On July 10th, 2014, Microsoft CEO, Satya Nadella penned a letter to Microsoft employees that was made public here:
- Starting FY15 – Bold Ambition & Our Core
http://www.microsoft.com/en-us/news/ceo/index.html
EXPERIENCES ARE EVERYTHING
One of the biggest themes of Satya’s letter was “experiences”. As a brief exercise, go to Satya’s letter and search on the word, “experiences” and you’ll see highlighted, how many times the word is used. (tl;dr: It’s 23)
Satya is making a very strong statement here about the future of Microsoft: Microsoft’s focus is “the experience” that our customers have with Microsoft solutions. It’s not about a specific product, new technology or feature, but the end-to-end experience our customer has. This has a number of implications for the future:
- Create a consistent experience. Experiences are to be created across technologies – even technologies not owned by Microsoft. The days of duplicate features across monolithic Microsoft products just because it’s “not invented here” are at an end.
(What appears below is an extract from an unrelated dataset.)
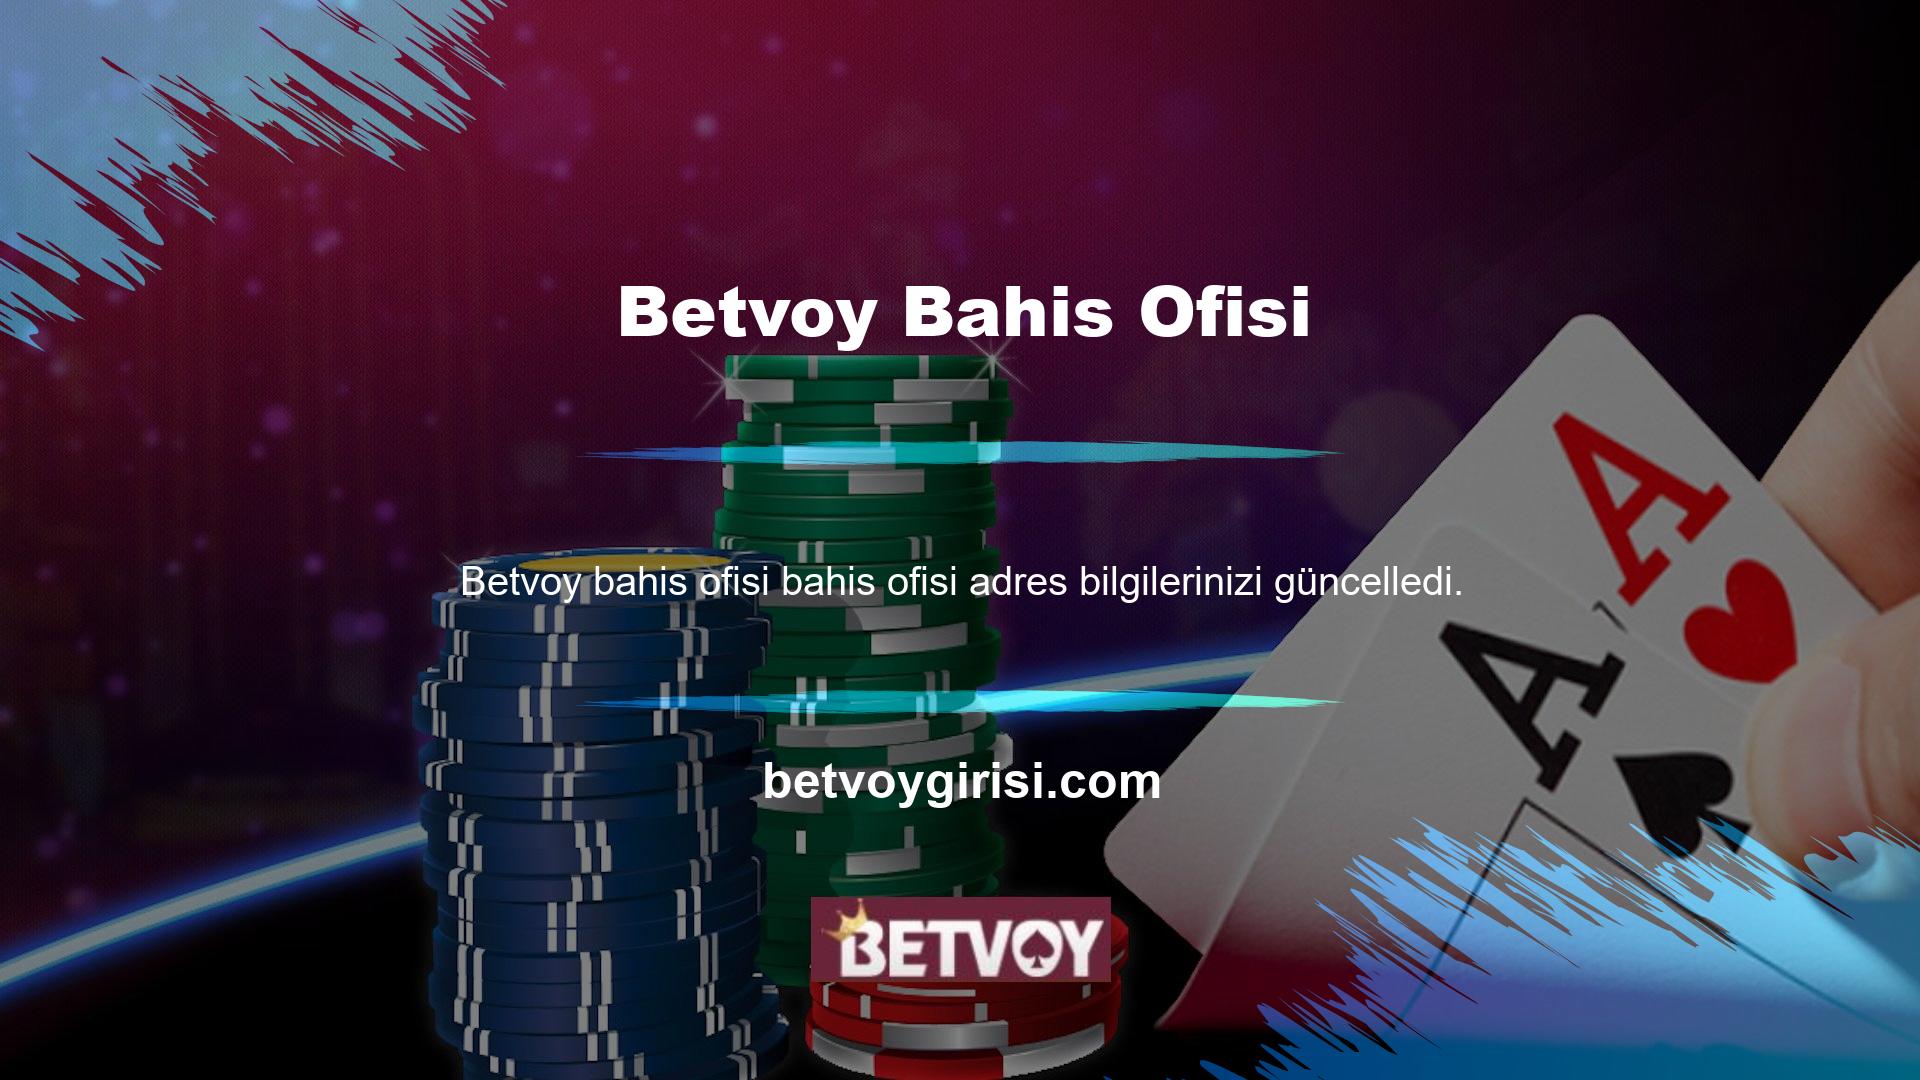 Uzun zamandır bahis dünyasında, Betvoy web sitesi önce siteye giriş yapmanızı gerektirir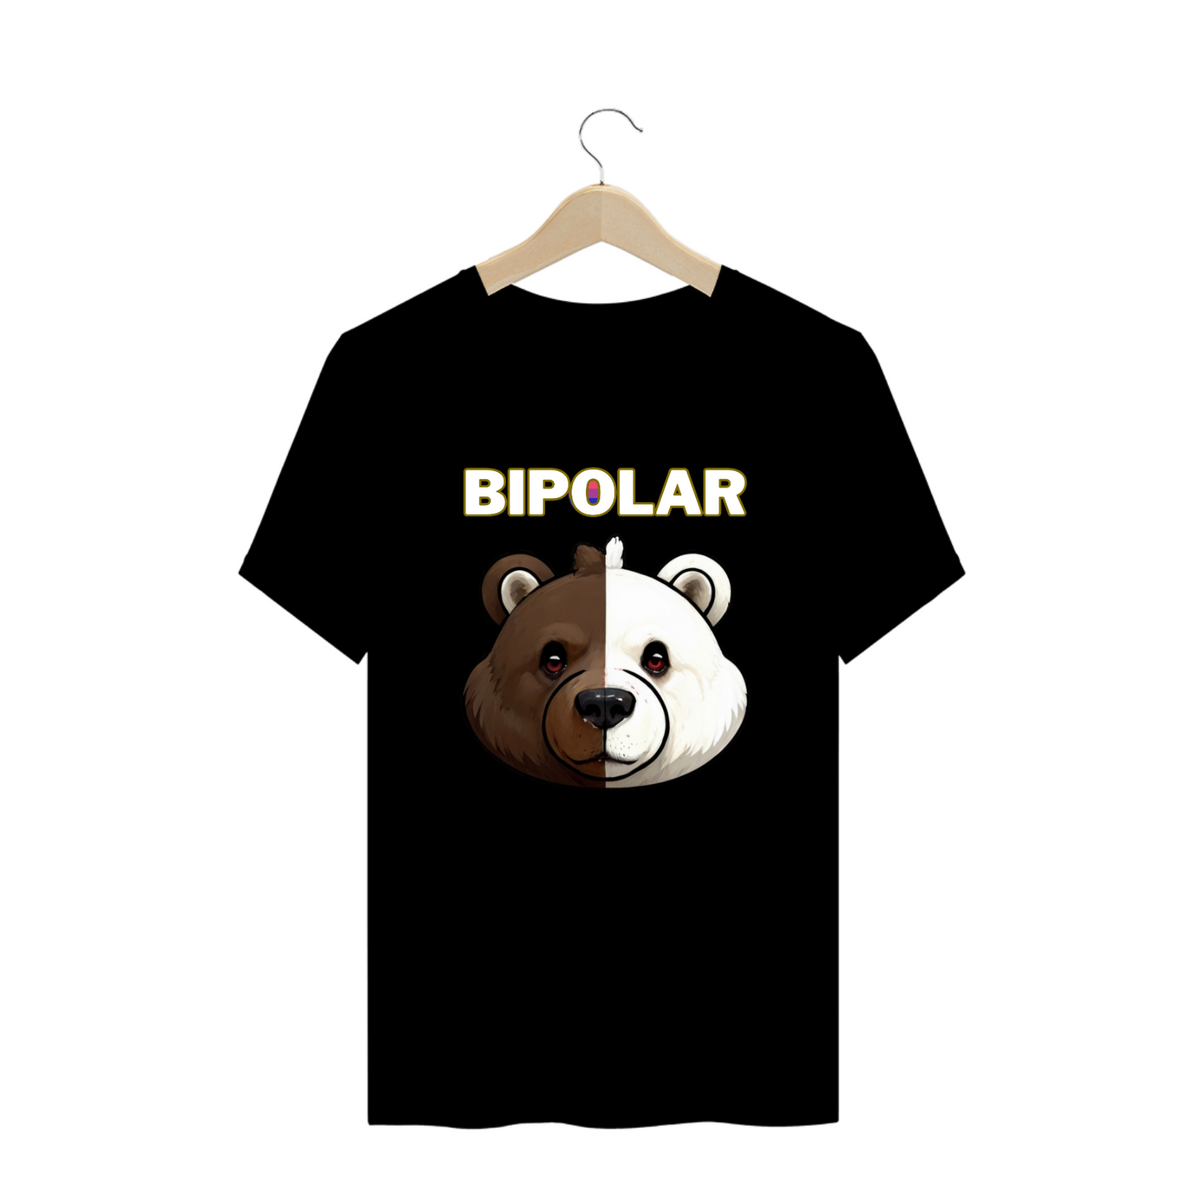 Nome do produto: Bipolar - Plus Size

If another Microsoft team has a feature you need, leverage theirs to make them successful, but ultimately, do what’s best to a provide a solution that fits in the larger vision & delivers a consistent experience for customers.
- Start with the customer experience. The final experience customers want is what Microsoft will start with, not just the foundational APIs & services that underlie the solution. If features are missing, the words “you can script that” or “just write a program”, while likely true, shouldn’t be the 1st thing Microsoft responds with. Understanding how we should prioritize that feature to benefit the customer against other customer needs & then iterating quickly while providing transparency around our development plans going forward should be our aggregate response – this is all part of the experience.
I think the recent trend of taking customer input on Microsoft solutions through UserVoice has been not only refreshing but also a testimony to how our company is evolving going forward. Welcome to the era of “customers provide input often to product groups” & “help us directly prioritize what is most important?”.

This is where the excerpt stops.